A movie log formerly known as Bookishness / By Charles Matthews

"Dazzled by so many and such marvelous inventions, the people of Macondo ... became indignant over the living images that the prosperous merchant Bruno Crespi projected in the theater with the lion-head ticket windows, for a character who had died and was buried in one film and for whose misfortune tears had been shed would reappear alive and transformed into an Arab in the next one. The audience, who had paid two cents apiece to share the difficulties of the actors, would not tolerate that outlandish fraud and they broke up the seats. The mayor, at the urging of Bruno Crespi, explained in a proclamation that the cinema was a machine of illusions that did not merit the emotional outbursts of the audience.
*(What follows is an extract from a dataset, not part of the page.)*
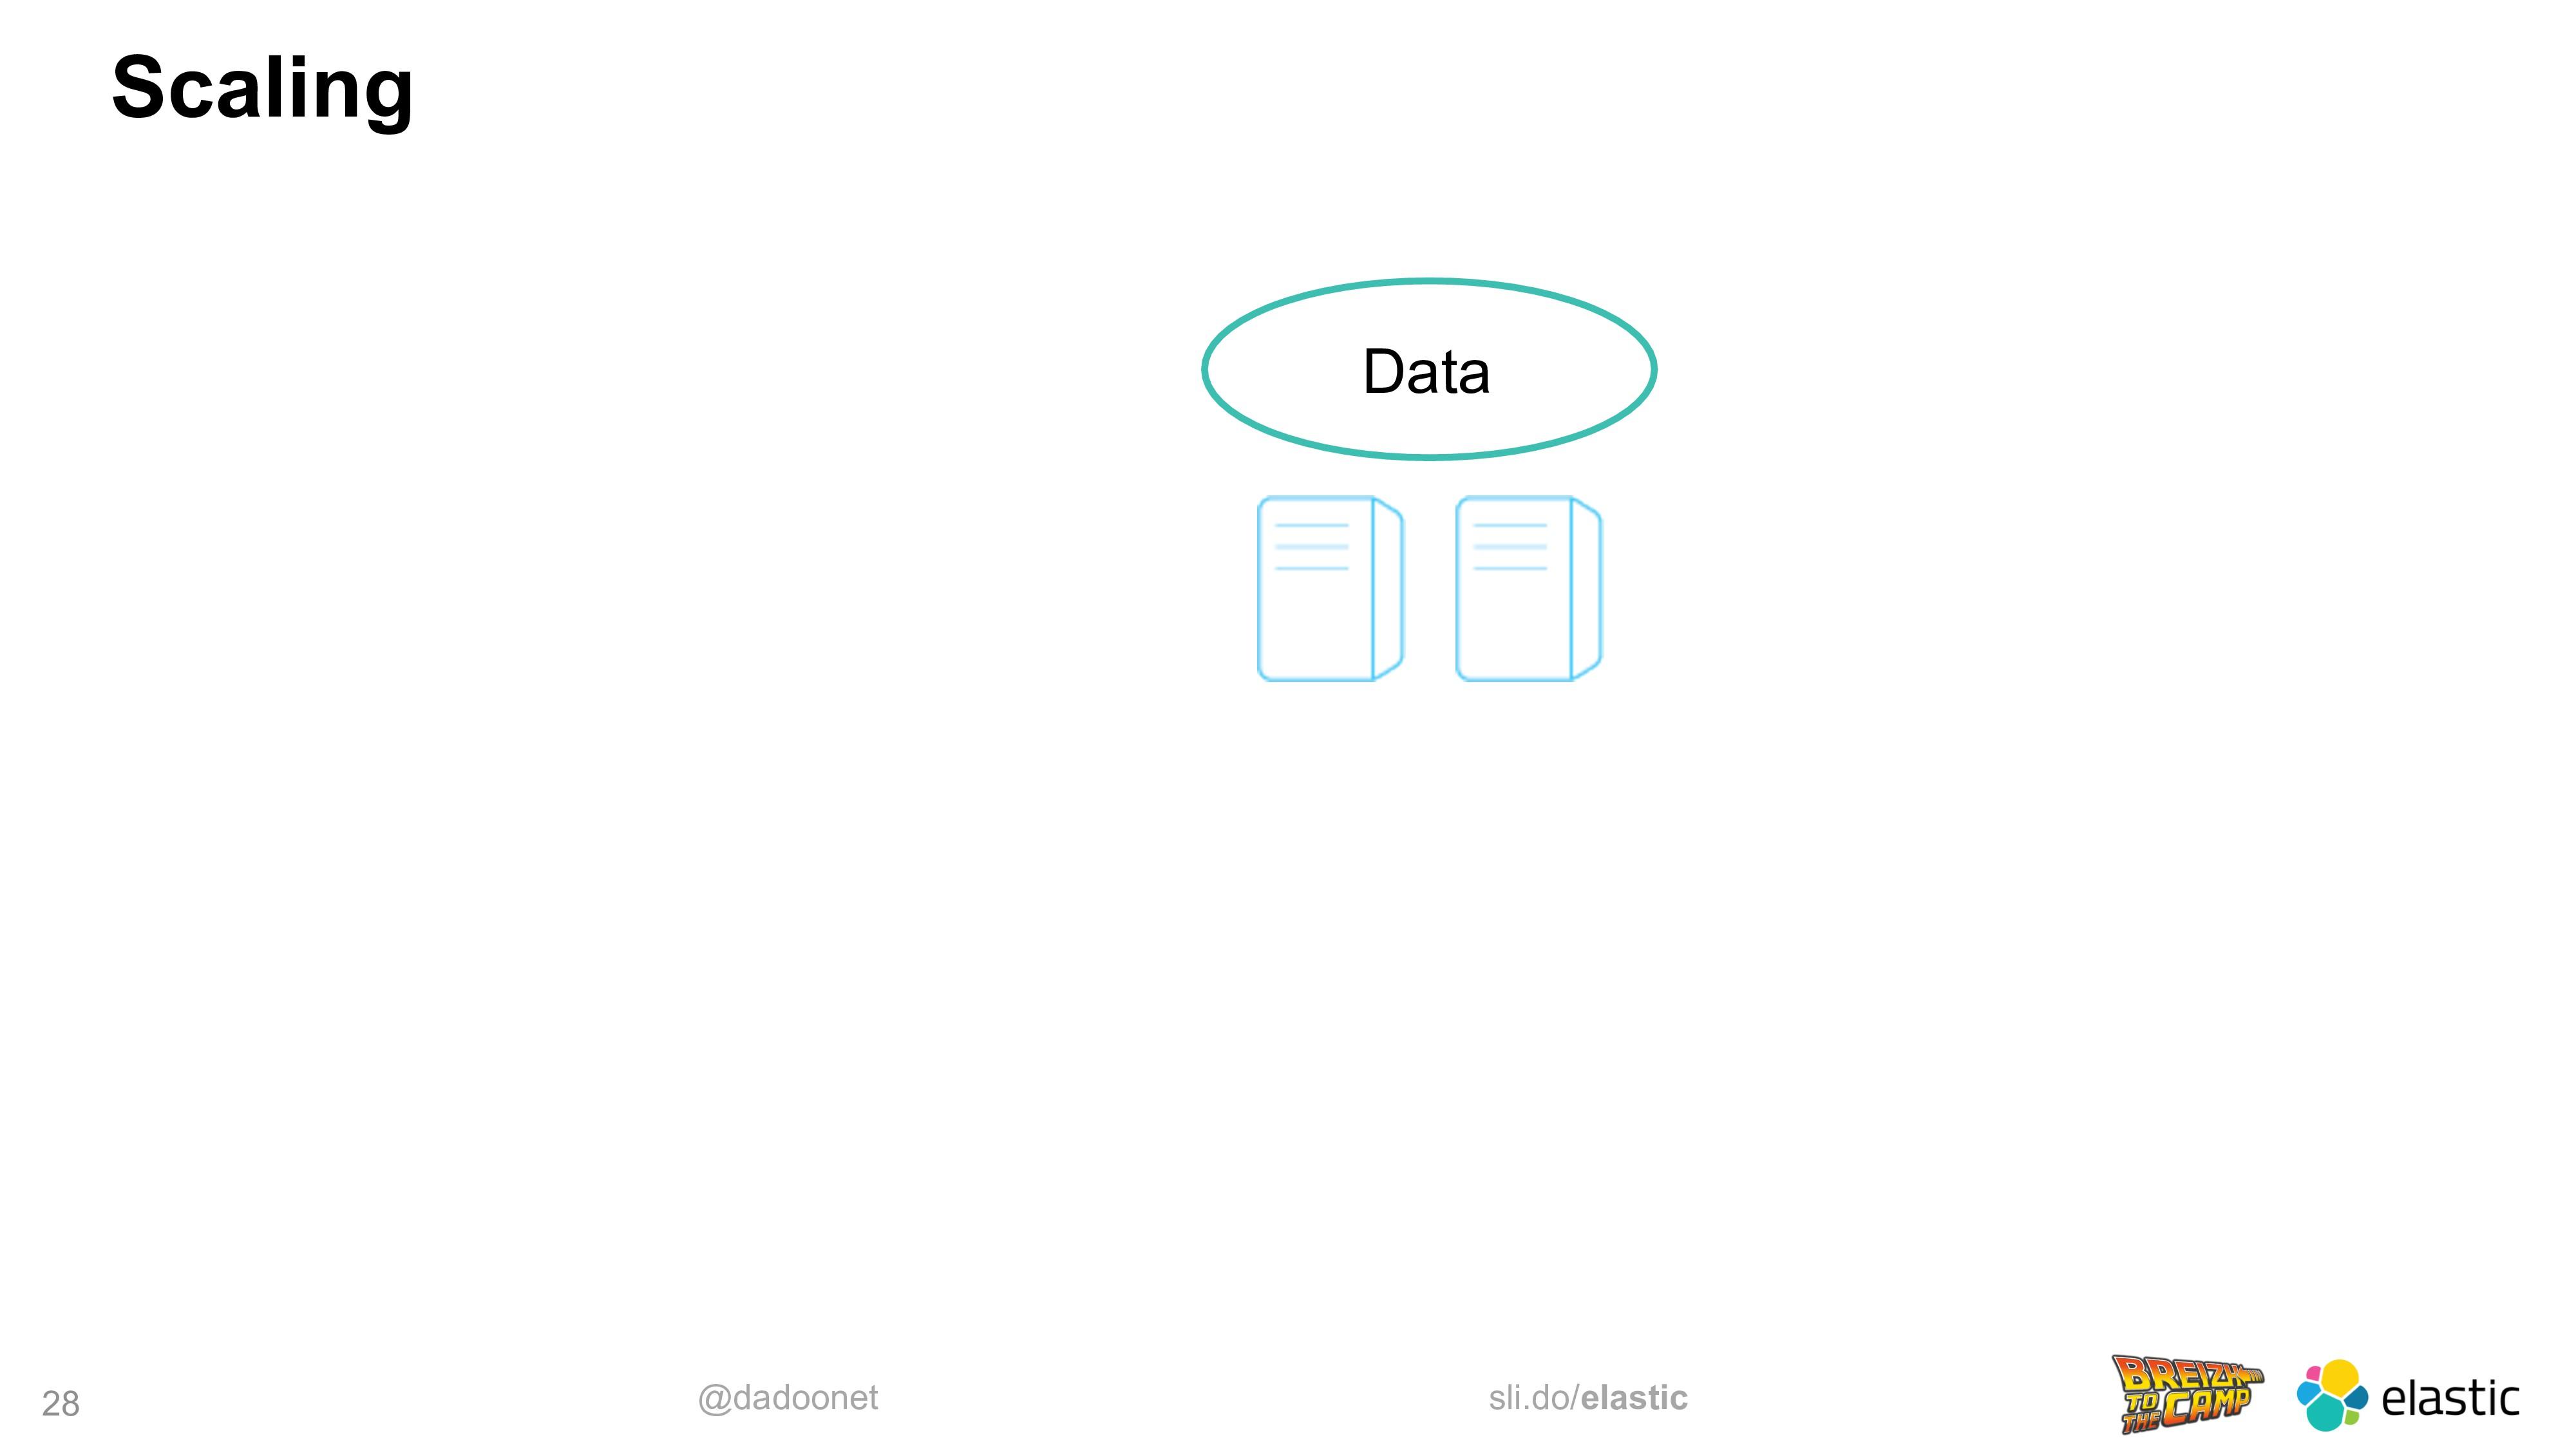 @dadoonet sli.do/elastic 28 Scaling Data

With that discouraging explanation many ... decided not to return to the movies, considering that they already had too many troubles of their own to weep over the acted-out misfortunes of imaginary beings."
--Gabriel García Márquez, One Hundred Years of Solitude

Monday, April 9, 2018

Erin Brockovich (Steven Soderbergh, 2000)

Albert Finney and Julia Roberts in Erin Brockovich
Erin Brockovich: Julia Roberts
Ed Masry: Albert Finney
George: Aaron Eckhart
Brenda: Conchata Ferrell
Donna Jensen: Marg Helgenberger
Pete Jensen: Michael Harney
Pamela Duncan: Cherry Jones
Charles Embry: Tracey Walter
Kurt Potter: Peter Coyote
David Foil: T.J. Thyne
Theresa Dallavale: Veanne Cox

Director: Steven Soderbergh
Screenplay: Susannah Grant
Cinematography: Edward Lachman
Production design: Philip Messina
Film editing: Anne V. Coates
Music: Thomas Newman

Any film that purports to be what the title character of Erin Brockovich calls a "David and what's-his-name" story is bound to be somewhat formulaic. But I can forgive Steven Soderbergh's movie for its clichés, such as the hunky next-door neighbor who provides Erin with sex and babysitting, or the starchy, tightly wound female lawyer who tries and fails to do the kind of work in signing up participants in the lawsuit that comes so naturally to Erin. We're asked to swallow a lot of narrative shortcutting in the relationship that she builds with Ed Masry, too. But it's to Julia Roberts's great Oscar-winning credit that she makes this fictionalized version of a real person (whom we see early in the film in the role of a waitress) as believable as she does, with the considerable help of the invaluable (but never Oscar-winning) Albert Finney. I've always thought that Soderbergh is undermined by his choice of material: Traffic, which came out the same year as Erin Brockovich and won an Oscar for Soderbergh, is weakened by the difficulty of cramming so many interlocking stories into the confines of a feature film, and it too suffers from some formulaic plotting. But Erin Brockovich makes the case for the feel-good movie with its director's obvious delight in providing a showcase for such skilled actors. This is what makes his Ocean's movies (20001, 2004, 2007) and Magic Mike (2012) so entertaining. Would a grittier approach with less charismatic stars have done a better job of telling the story of Brockovich and Masry's fight with PG&E? Yes, probably. But there's something to be said for good things in glossy packages.